3. It is not disputed that police station Nagarkanda within which the Union Court of Talma is situated is assigned to the Court of the Munsiff of Bhanga under Section 13, Bengal, Agra and Assam Civil Courts Act (12 [XII] of 1887). The learned Subordinate Judge, however, points out that although that Union is situated within the local limits of the jurisdiction of the Munsiff's Court at Bhanga the Sadar Munsiff was also competent to entertain the application for execution of the decree and put up the property to sale. It is said that by a notification under Section 19(2), Bengal, Agra and Assam Civil Courts Act, Babu Prasad Chandra Banerji, who was the Sadar Munsiff at Faridpur at the time when the application for execution was filed was invested with powers to try suits up to the value of Rs. 2000 arising within the entire district of Faridpur. His successor, Mr. Ali, who ordered the property to be sold had also similar jurisdiction conferred upon him. It was held in these circumstances that even though it might be irregular to file the application for execution in the Court of the Sadar Munsiff at Faridpur, that Court being presided over by the officers mentioned above was not incompetent to execute the decree.

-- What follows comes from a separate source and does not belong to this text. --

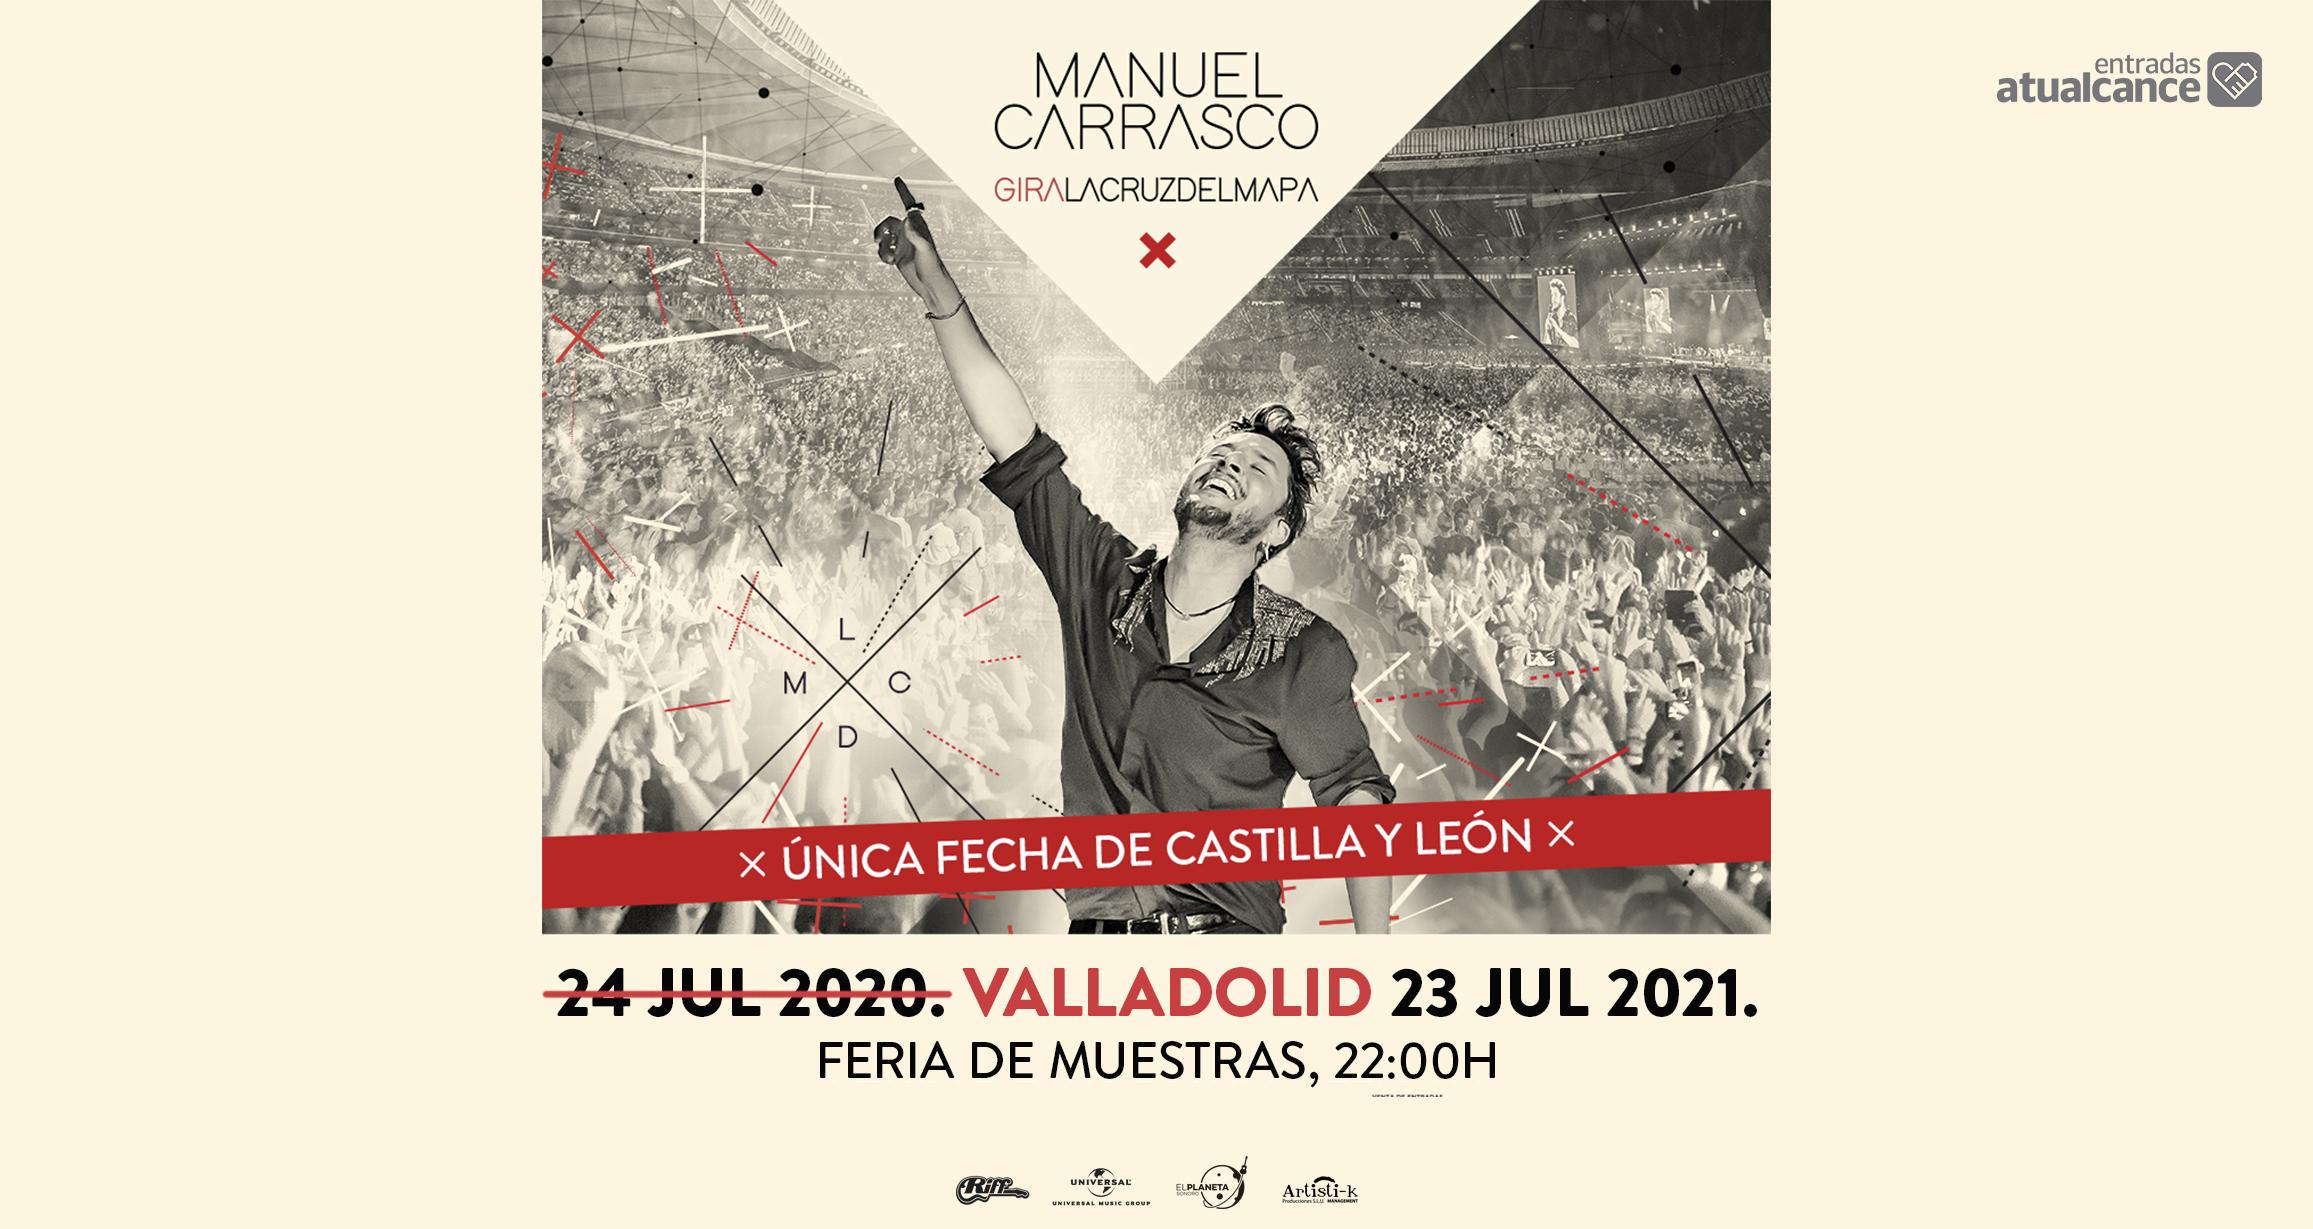 manuel-carrasco-gira-la-cruz-del-mapa-en-valladolid-5ec512b677a3b.jpeg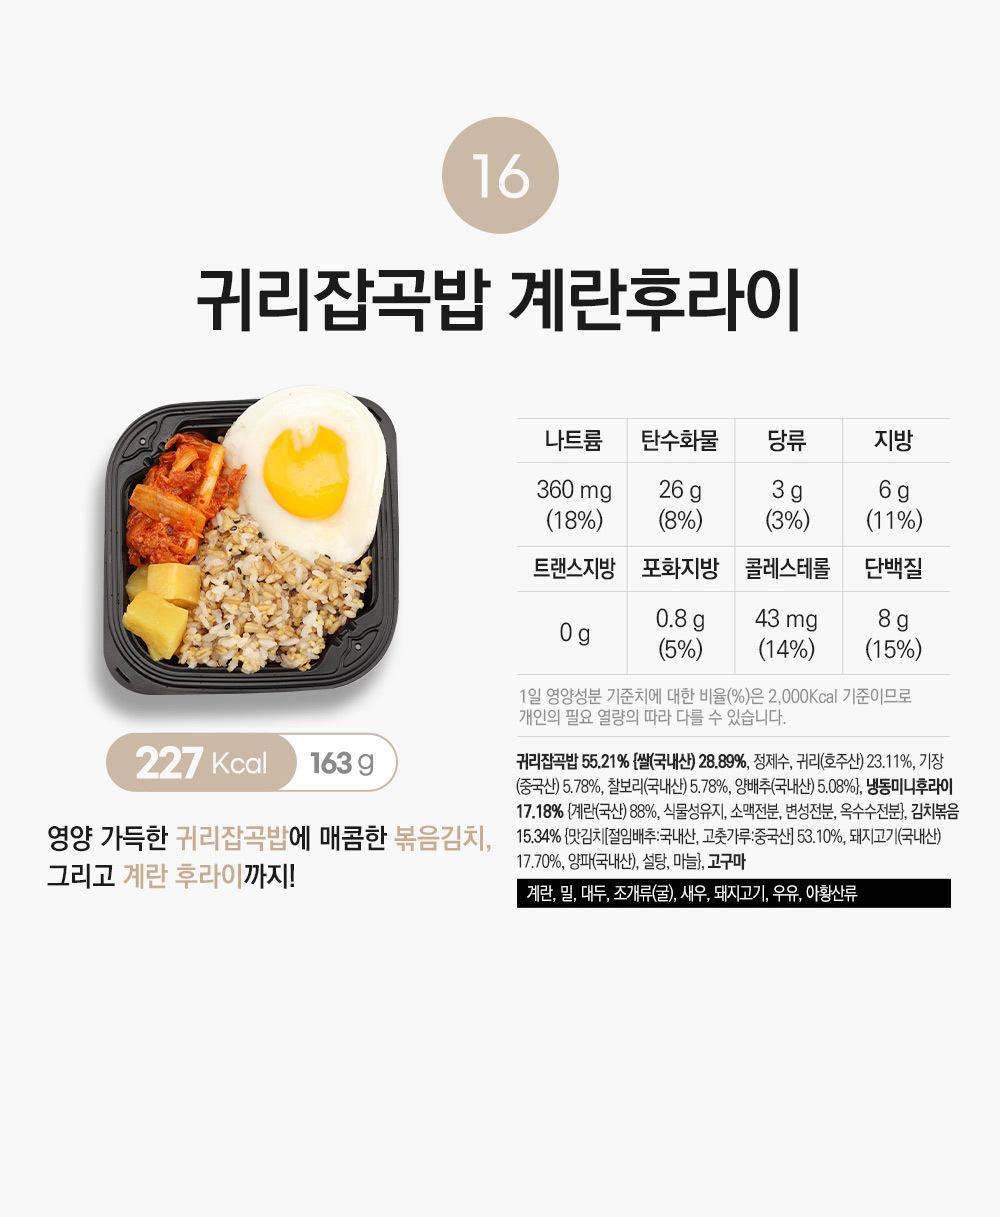 귀리잡곡밥 계란후라이

4. It seemed to me at first sight that this reasoning was sound, but a plain reading of Section 91(2), Village Self-Government Act, convinces me that the Legislature in enacting that provision had in mind a particular Court of Munsiff, within the local limits of whose jurisdiction the Union Court is situated as contemplated by Section 13, Bengal, Agra and Assam Civil Courts Act. The local limits of a Court's jurisdiction are fixed and determined under Section 13, Bengal, Agra land Assam Civil Courts Act, and. it is not disputed that in the present case, the area within which the Talma Union Court is situated is within the jurisdiction of the Court of the Munsiff at Bhanga. Section 19(2), Bengal, Agra and Assam Civil Courts Act, in my opinion, does not fix the local limits of a particular Court. It confers additional powers upon particular Munsiffs by which their jurisdiction is extended. These additional powers do not vest in the Court but vest in the officer concerned, and so long as that officer is attached to and presides over a particular Court, the latter can certainly entertain suits or proceedings which are ordinarily outside its jurisdiction; but Section 91(2), Village Self-Government Act, in my opinion, has not in view the provision of Section 19(2), Bengal, Agra and Assam Civil Courts Act, but that of Section 13 of the Act by which the local limits of jurisdiction of a particular Court are fixed and determined. In my opinion, therefore, the view taken by the trial Court is right and the judgment of the lower appellate Court should be set aside. The result, therefore, is that this rule is made absolute. The order of the lower appellate Court is set aside and that of the trial Court restored and affirmed. I make no order as to costs in this Court.